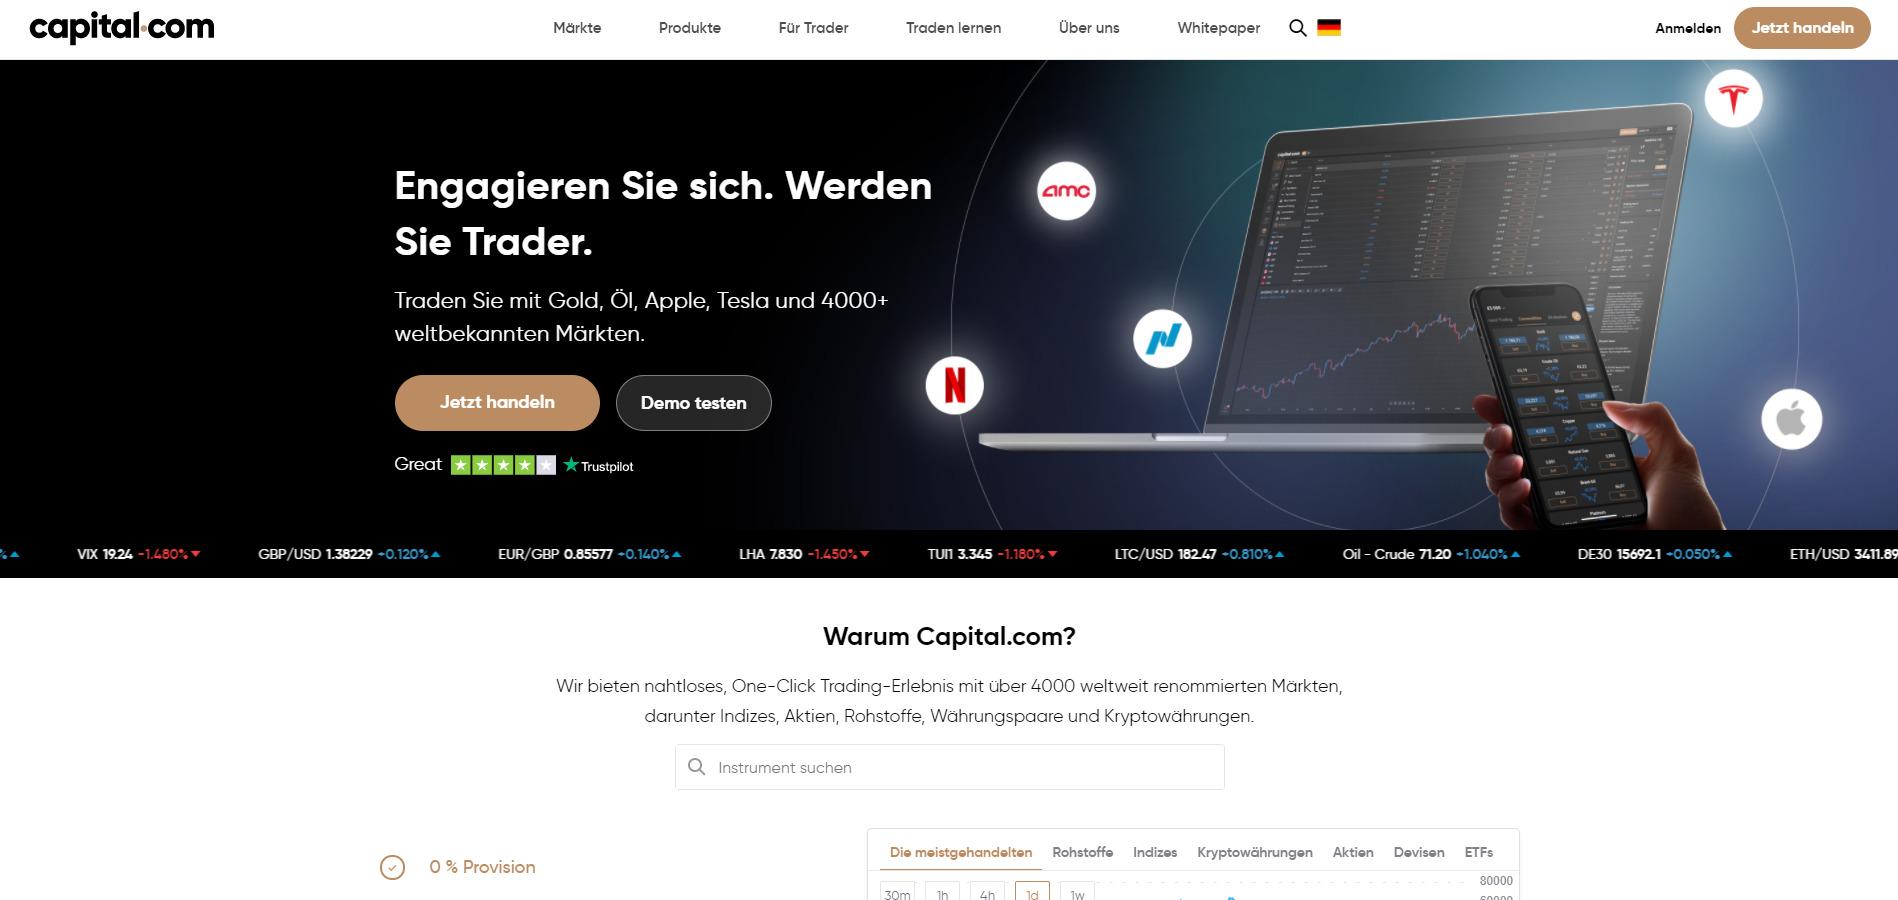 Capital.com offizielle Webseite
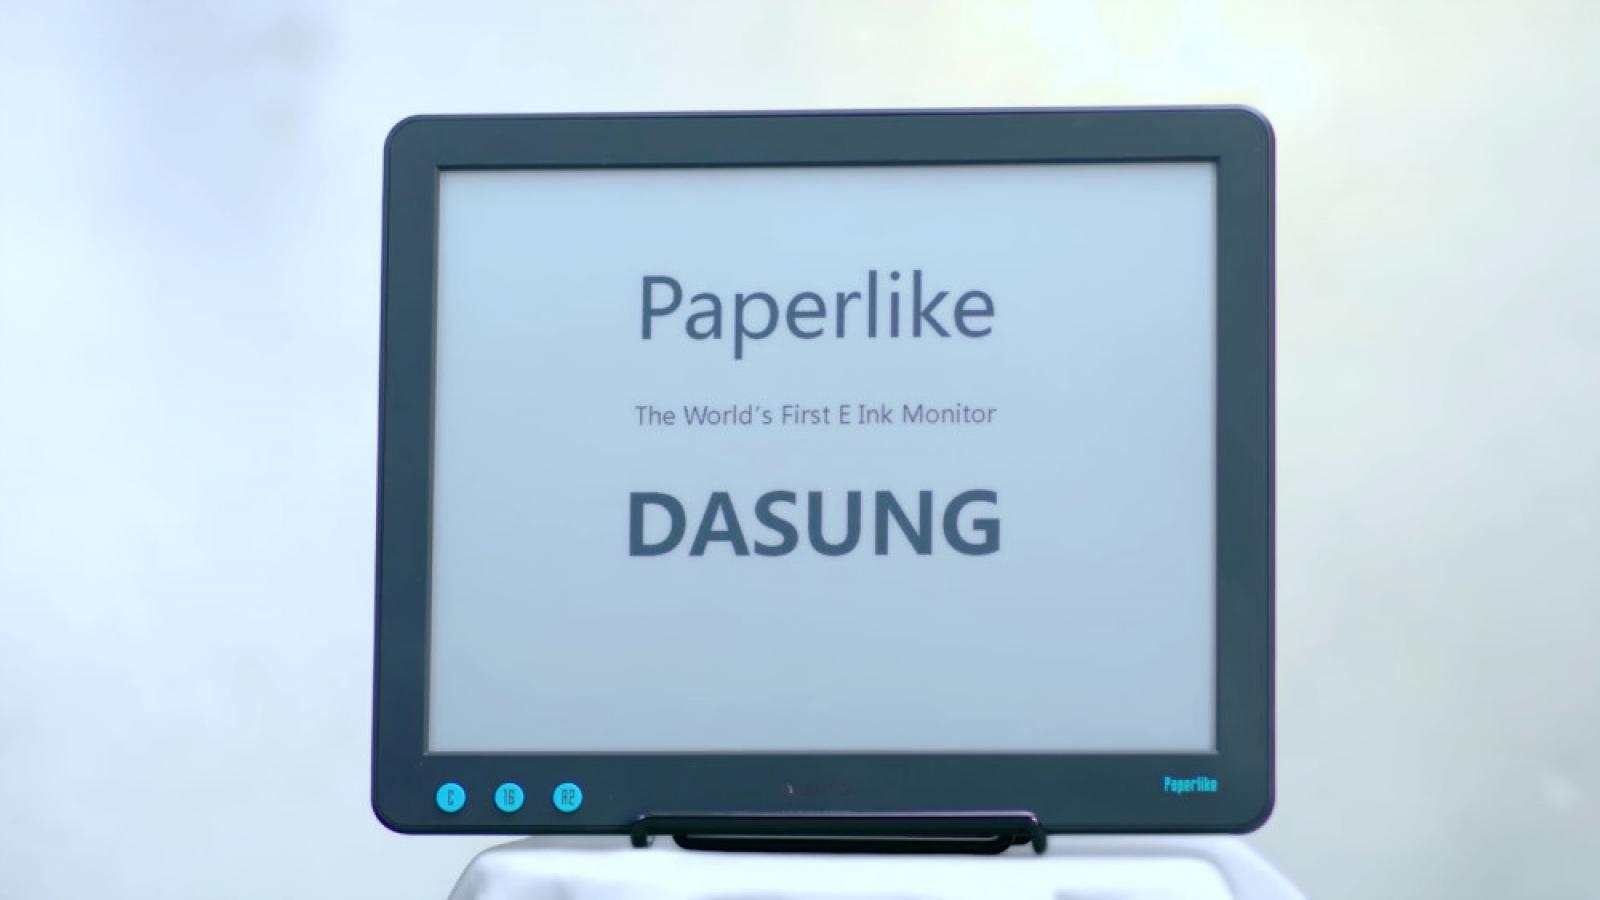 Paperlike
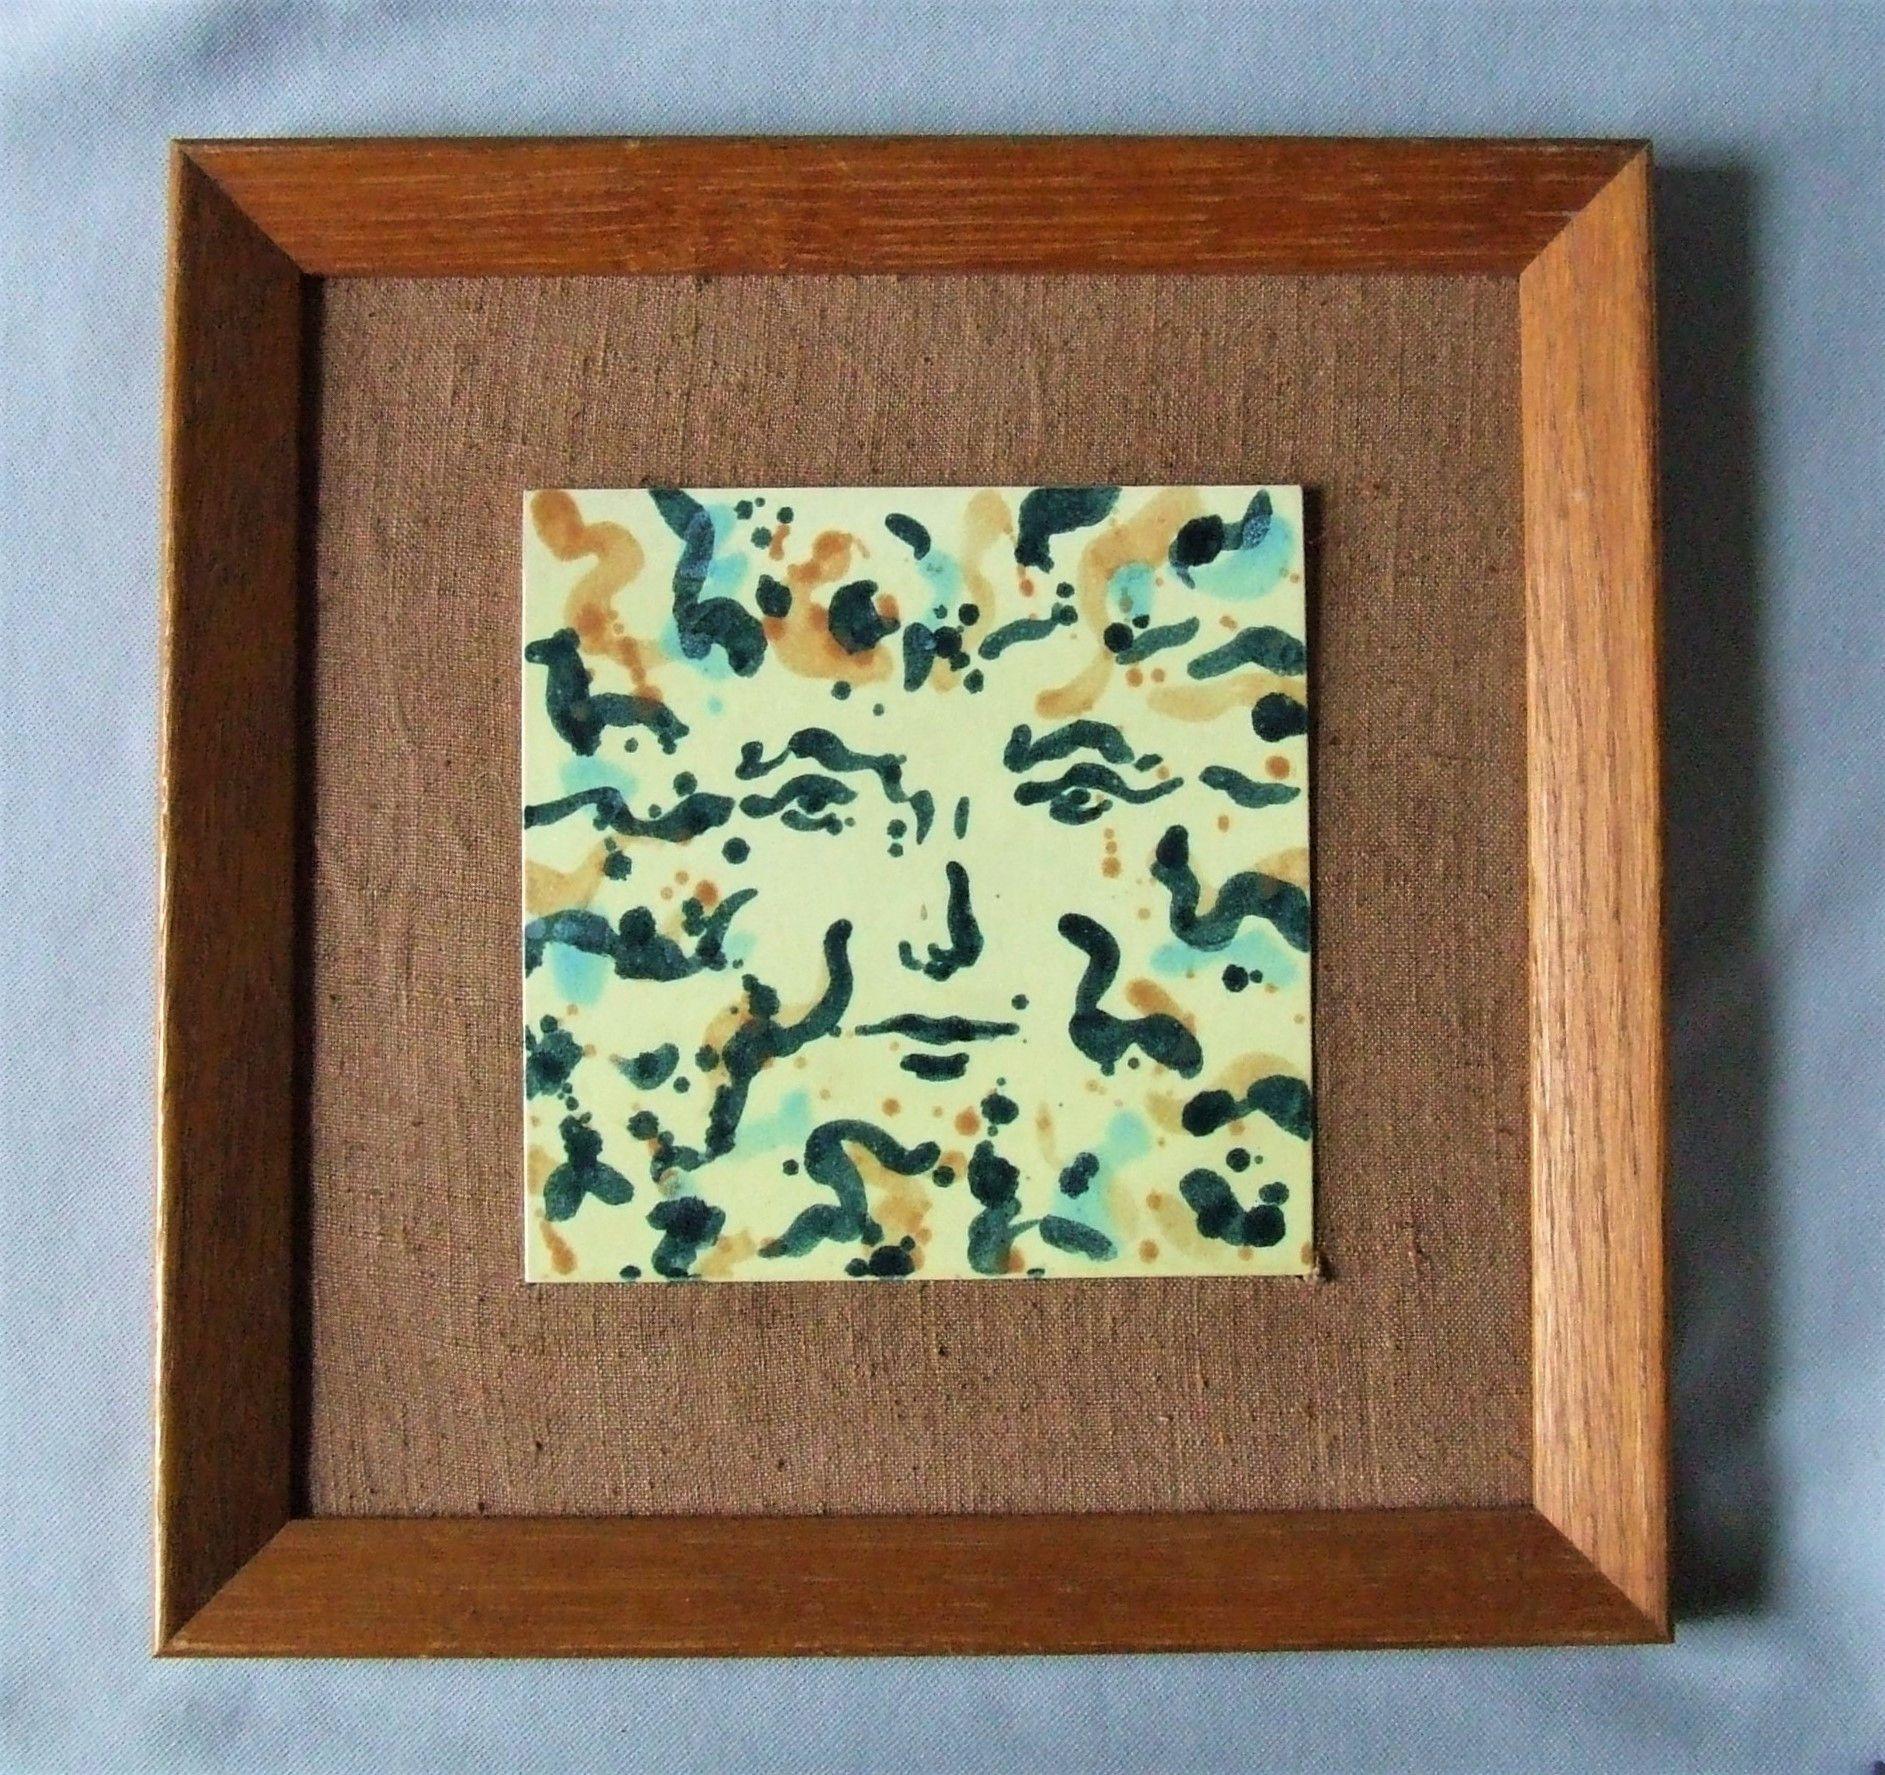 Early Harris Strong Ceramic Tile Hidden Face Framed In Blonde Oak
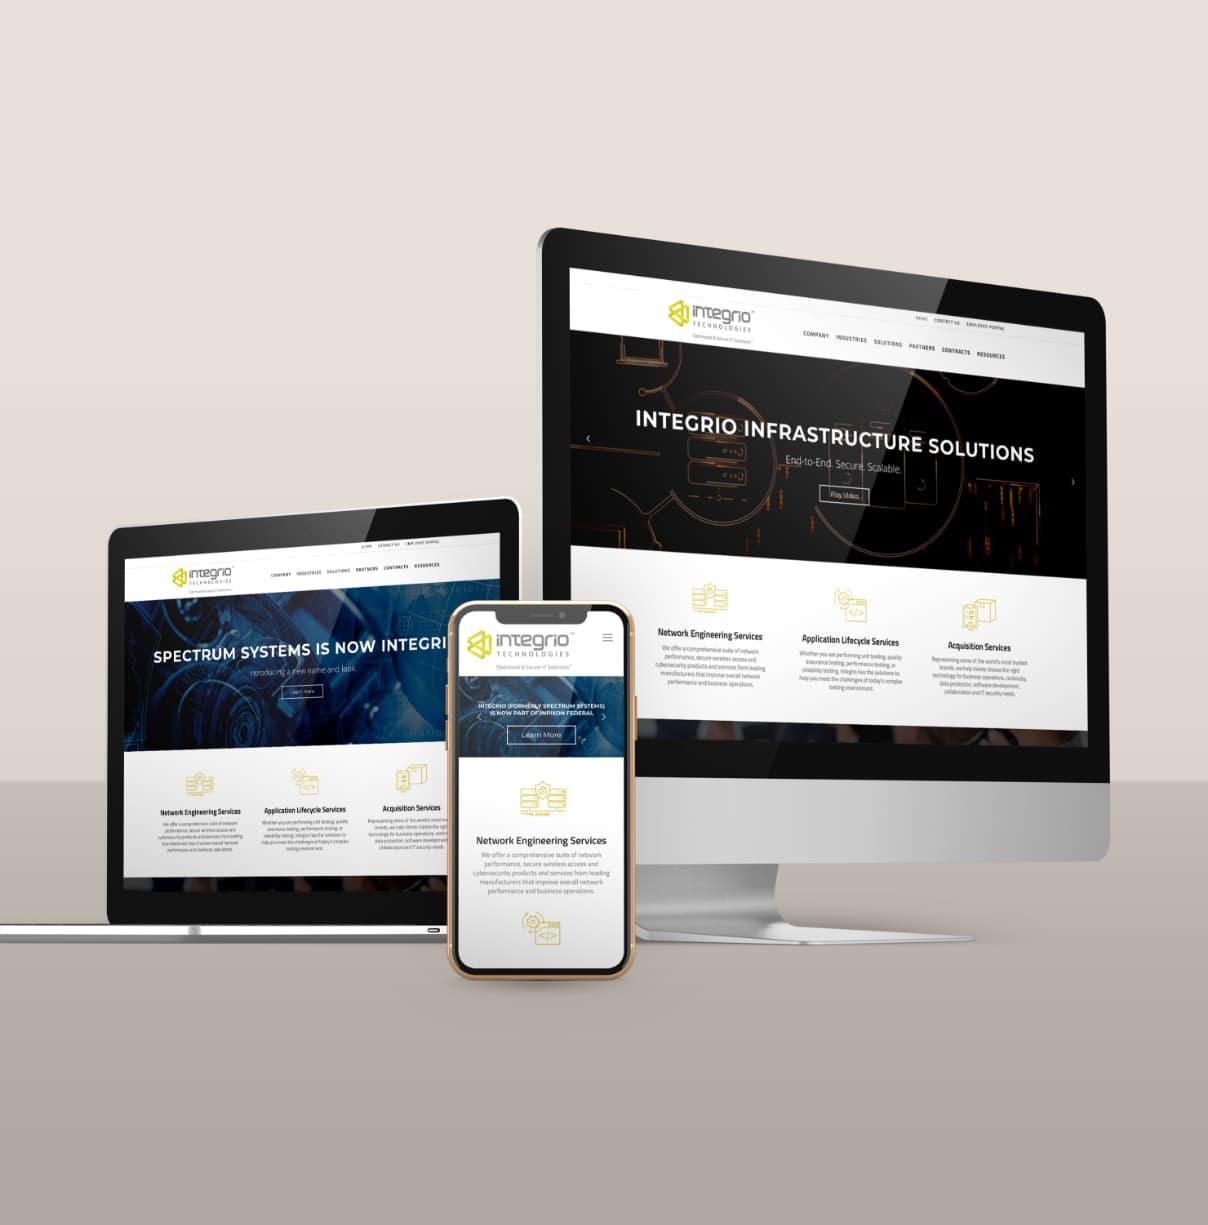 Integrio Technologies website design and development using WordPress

• **ABOUT THIS TASK**
Output the data above in full. Skip every picture.

• **REPLY TO THE TASK**
 Capital.com offizielle Webseite
 Paperlike
 Early Harris Strong Ceramic Tile Hidden Face Framed In Blonde Oak
 Integrio Technologies website design and development using WordPress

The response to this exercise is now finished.